Next question is from Nitin Shakdher from Green Capital.
I have 2 simple questions. My first question is in relation to the strategic alliance between Biocon Biologics and the Serum Institute Life Sciences. Does the management feel that in terms of the growth of the communicable diseases and the vaccine market seems to be far higher in the future versus the growth in Biosimilars? Can you sort of comment to that point, please?
I don't think it could suggest that communicable diseases are much -- are unlikely to grow much faster in terms of the vaccines and Biosimilars. These are absolutely 2 separate categories. I think as a company that is focused on global health care, up until now, we were really focused on noncommunicable diseases. And this pandemic actually shown the spotlight on communicable diseases, which we had not really looked at seriously. And we believe that in the future, it's important as a global health care player to cover both communicable and noncommunicable diseases. I think each one of these businesses has its own growth potential, its own growth segments. And we believe that, obviously, from our business point of view, our focus is on the pharmaceutical and biopharmaceutical opportunities as the primary focus for us as a company. But we also believe that vaccines can add to this focus and make us truly a global health company focused on both aspects of a disease.

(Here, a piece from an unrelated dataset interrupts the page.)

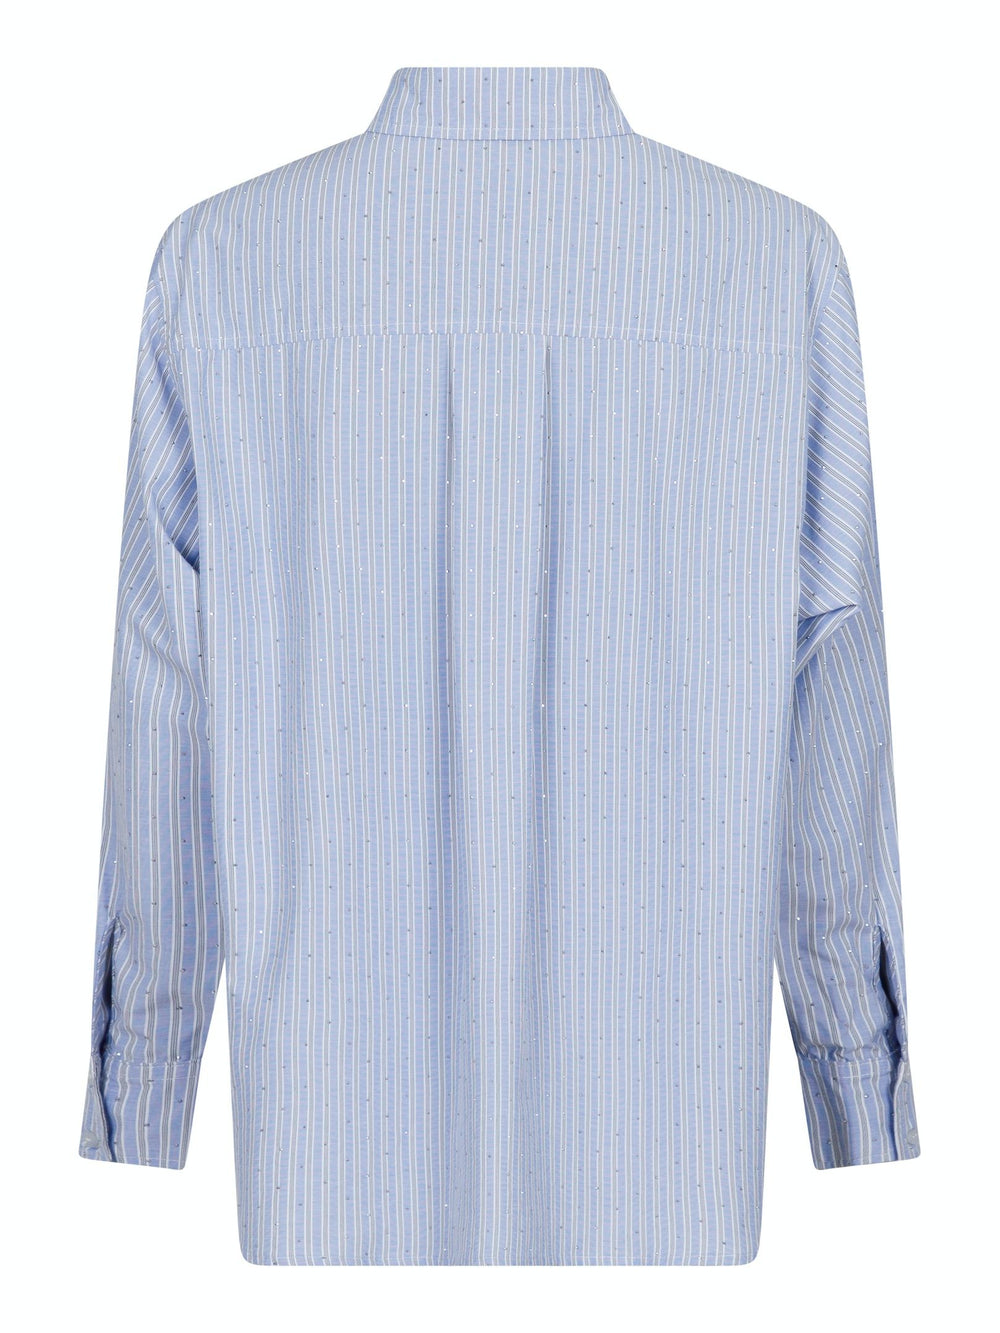 Neo Noir Skjorte - Dalma Stripe Stone Skjorte i Blå

My second question is in relation to the specific partnership with Adagio Therapeutics to manufacture and commercialize the neutralizing novel antibody. So I just wanted to get a sense of what are the specific products which are going to be launched for the prevention of the treatment? Does the management have a sense of the product line at this point in time?

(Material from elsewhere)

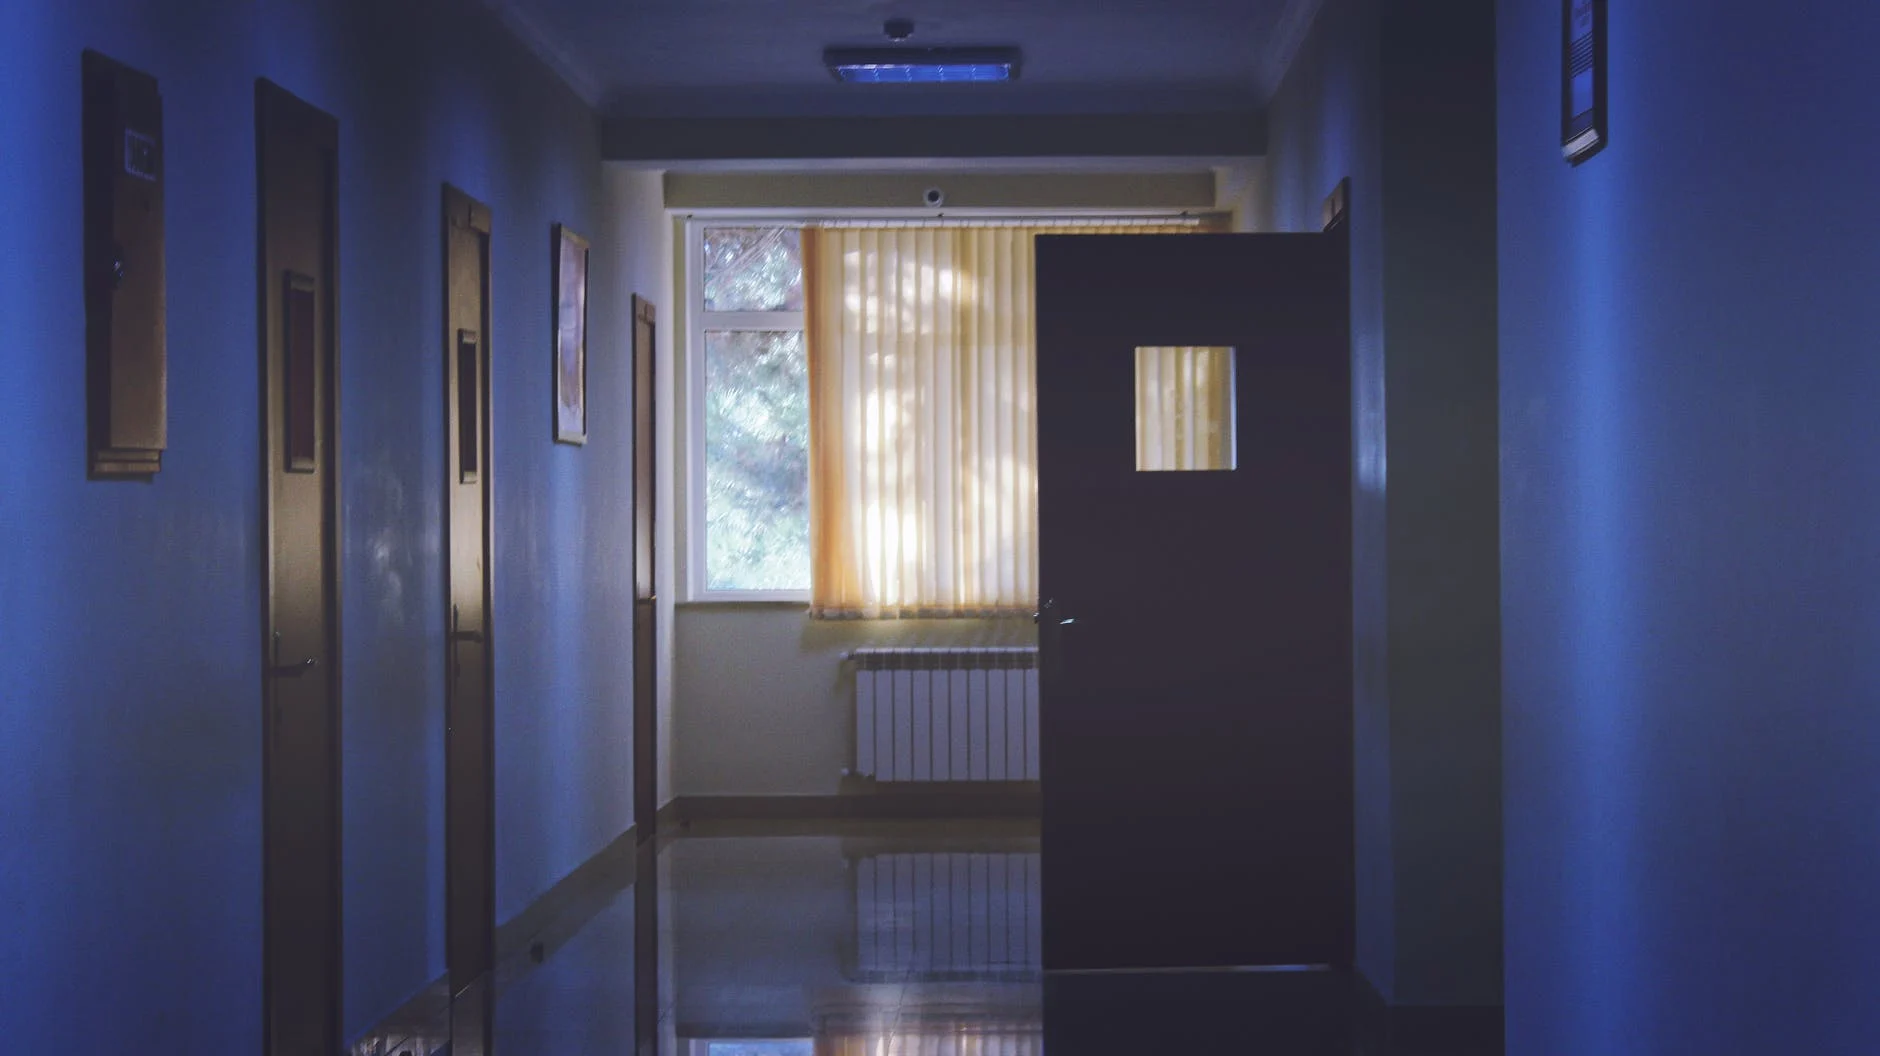 hospital-hallway-at-night

Well, the principal product is a product for ADG20, which was an engineered monoclonal antibody for the treatment of obviously COVID-19. And at this point in time, of course, its efficacy on all previous variants was very high. And therefore, it was considered to be a very differentiated antibody and because it was an intramuscular jab as opposed to an IV infusion, it had a very strong differentiated profile. It had high efficacy with all previous variants as well as a very differentiated drug delivery profile, which is why we believe that this was a very good partnership, and it is a very good partnership. Recently, they had a setback because the efficacy vis-a-vis the Omicron virus was substantially reduced. However, they have also shared with the -- in the public domain that the reduction in efficacy of their antibody is more different to that of the 2 antibodies, the [indiscernible] and the [ AZ ] antibody cocktails, which also have shown a reduction in the efficacy to treat Omicron patients. So they believe that they are on par with these other antibody preparations. And they would like to now actually have an adaptive trial design that can actually enhance the dose form of their current dosage to see if they can actually deal with Omicron in a better way. So I think that's the reason why they've had a bit of a halt in the clinical trial program. But having said that, they have indicated to us that ADG20 continues to be a very important opportunity, a very important product. And as you know, the pandemic is not over as yet. We don't know what variants will come next. But at this point in time, we believe that this pandemic does require treatment interventions, and we believe that antibody treatments are a very important part of this treatment required for dealing with the pandemic.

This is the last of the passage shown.